To investigate the networks of these two key modules, functional enrichment analysis was performed using KEGG pathway enrichment analysis and GO-BP methods. MEbrown was enriched in 37 KEGG pathways and 472 BPs, while MEblue was enriched in 16 KEGG pathways and 449 BPs. Genes related to protein glycosylation, macromolecule glycosylation and circadian rhythm were most enriched in MEblue, while genes related to regulation of cell−cell adhesion, liver development, osteoclast differentiation and the C-type lectin receptor signaling pathway were more enriched in MEbrown (Fig. 3B). PPI network analysis was subsequently used to predict and analyze the interactions between proteins encoded by DEGs in MEbrown and MEblue. PPI networks are tools to understand cell functions, disease machinery and drug design/repositioning, because they can be used to map the relationships between species through conserved pathways and protein complexes (Athanasios et al., 2017; Miryala et al., 2018). In our study, we identified 151 nodes and 231 interaction pairs in the whole PPI network (Fig. 3C). Finally, based on previous analysis, a miRNA–TF–target regulatory network was generated (Fig. 3D), with 31 TFs, seven miRNAs and 28 nodes identified. Moreover, for the hub genes, five genes (KITLG, SCNN1G, CFTR, POSTN and ST6GAL1) were up-regulated, and six genes (NOTCH1, CD79A, MEF2C, PROM1, LIF and SOCS3) were down-regulated. A previously published study demonstrated that the Notch1–GATA3 signaling pathway is involved in inflammation in asthma (Chong et al., 2014). The authors showed that Notch1 and Notch2 receptors play an important role in regulating allergic airway inflammation. These receptors might act as therapeutic options in the treatment of allergic asthma.
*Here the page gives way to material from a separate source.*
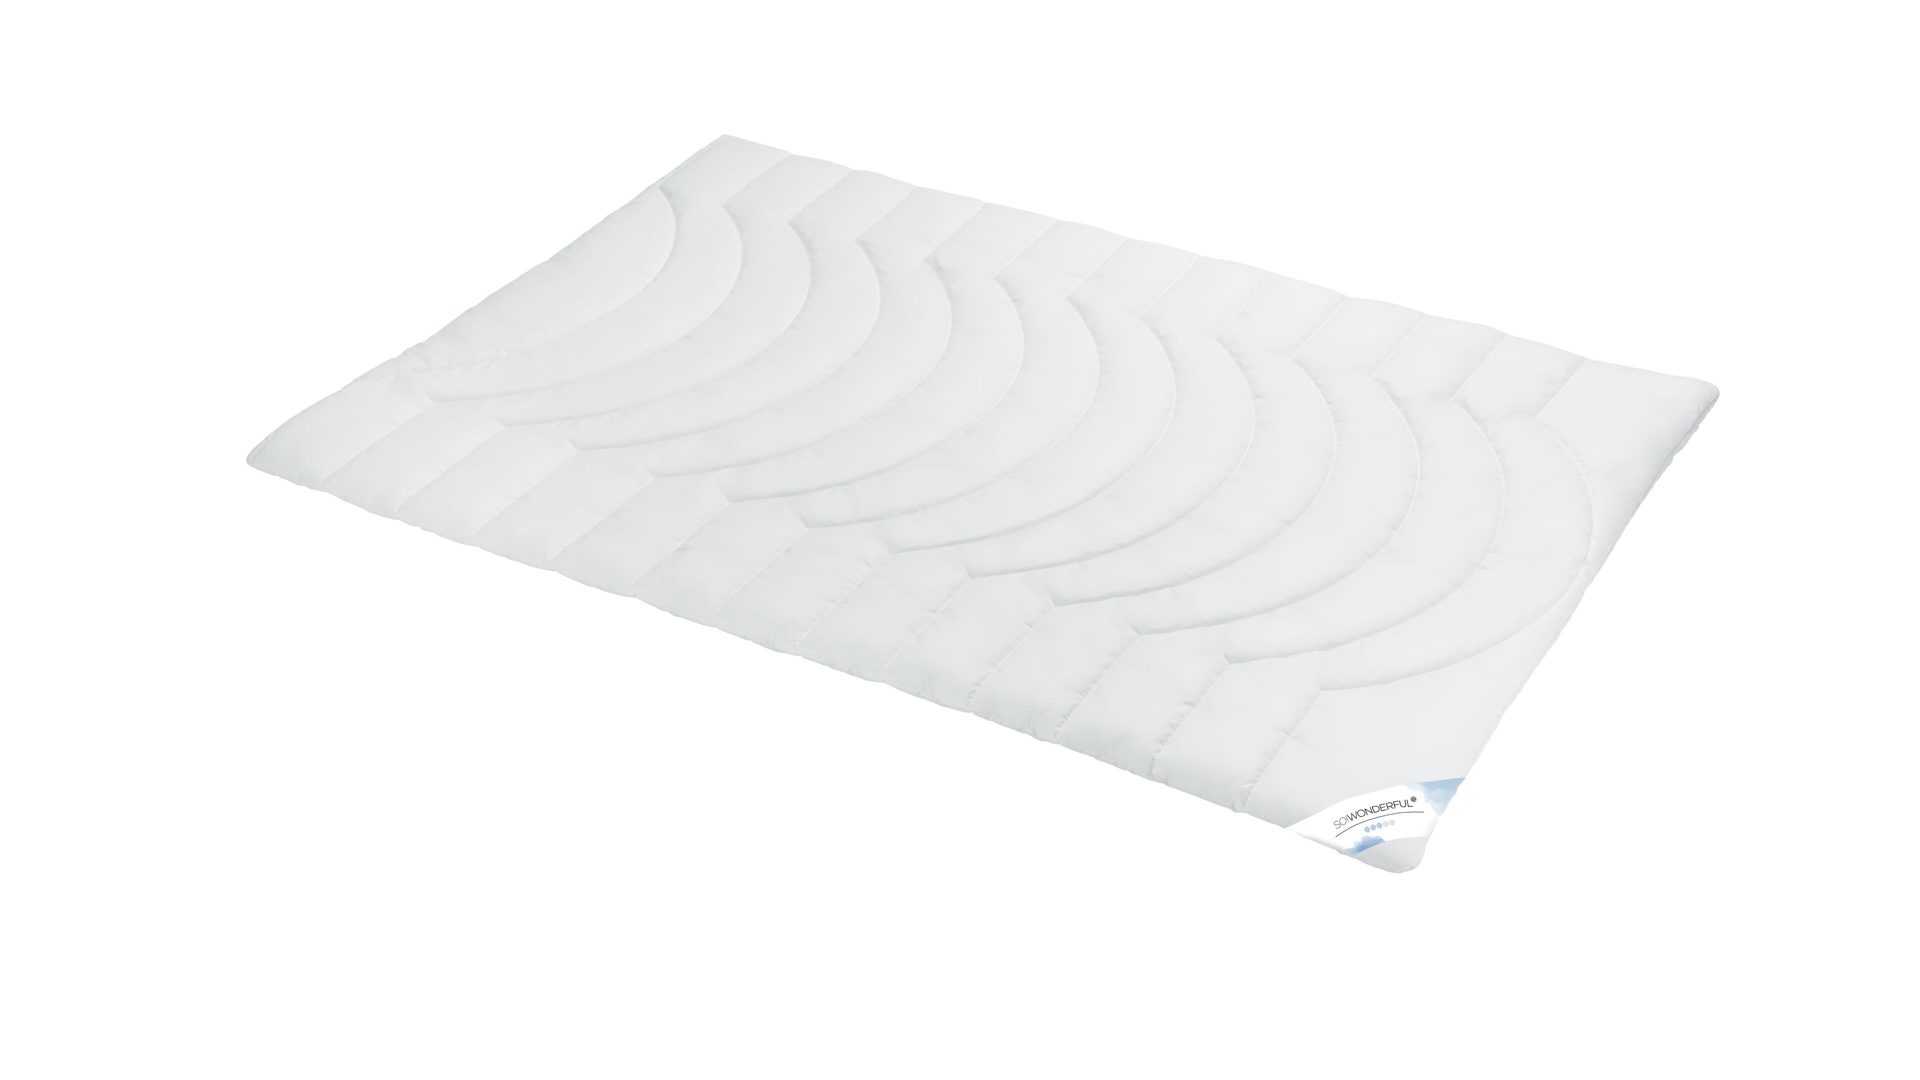 Faserdecke SO!WONDERFUL aus Stoff in Weiß SO!WONDERFUL Faserdecke Premium 3D-Hohlfaser, 700 g – ca. 135 x 200 cm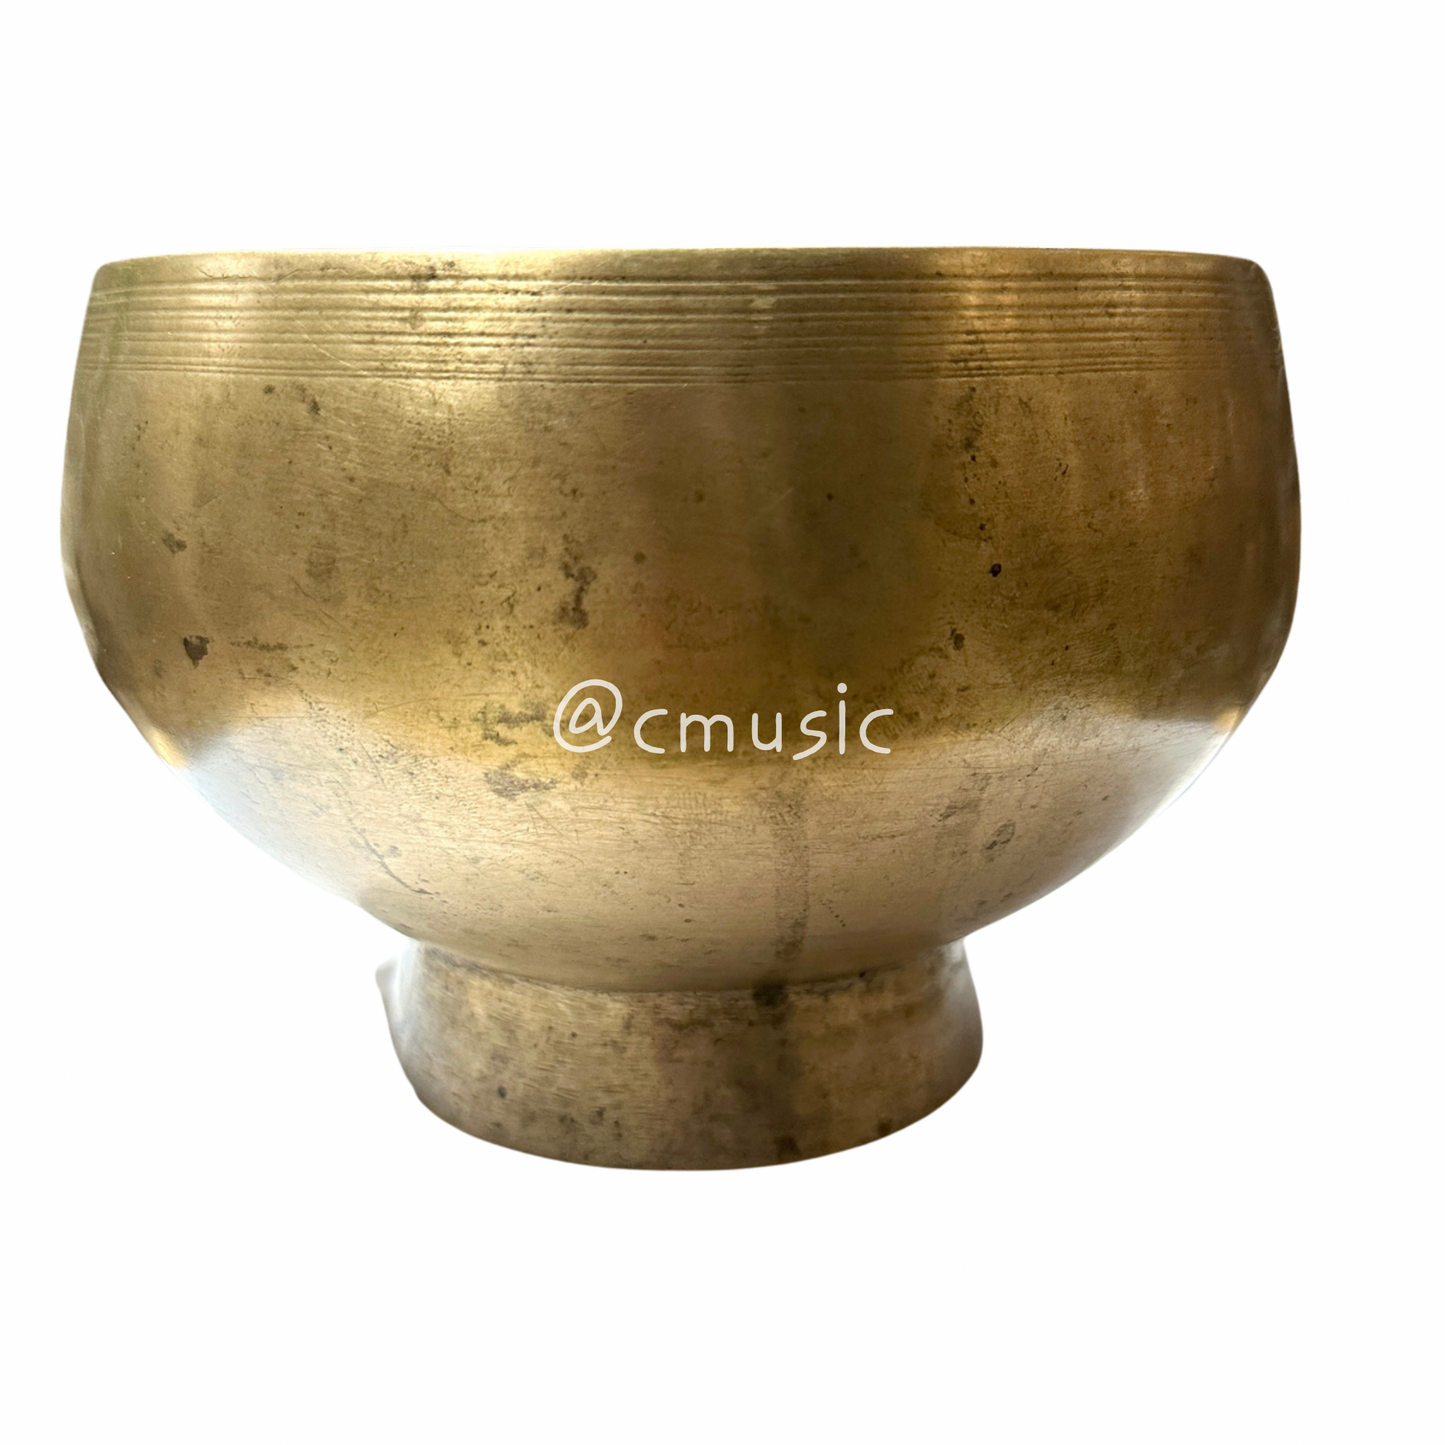 Antique Naga/Pedestal Singing Bowl 納珈古董缽-Note C4

In summary, our study used WGCNA network analysis to identify co-expression modules for genes of children with acute asthma. Two modules, named MEbrown and MEblue, were found to be highly enriched for genes involved in many pathways. Furthermore, we identified 11 hub genes that are potential biomarkers for diagnosis and treatment of children with acute asthma.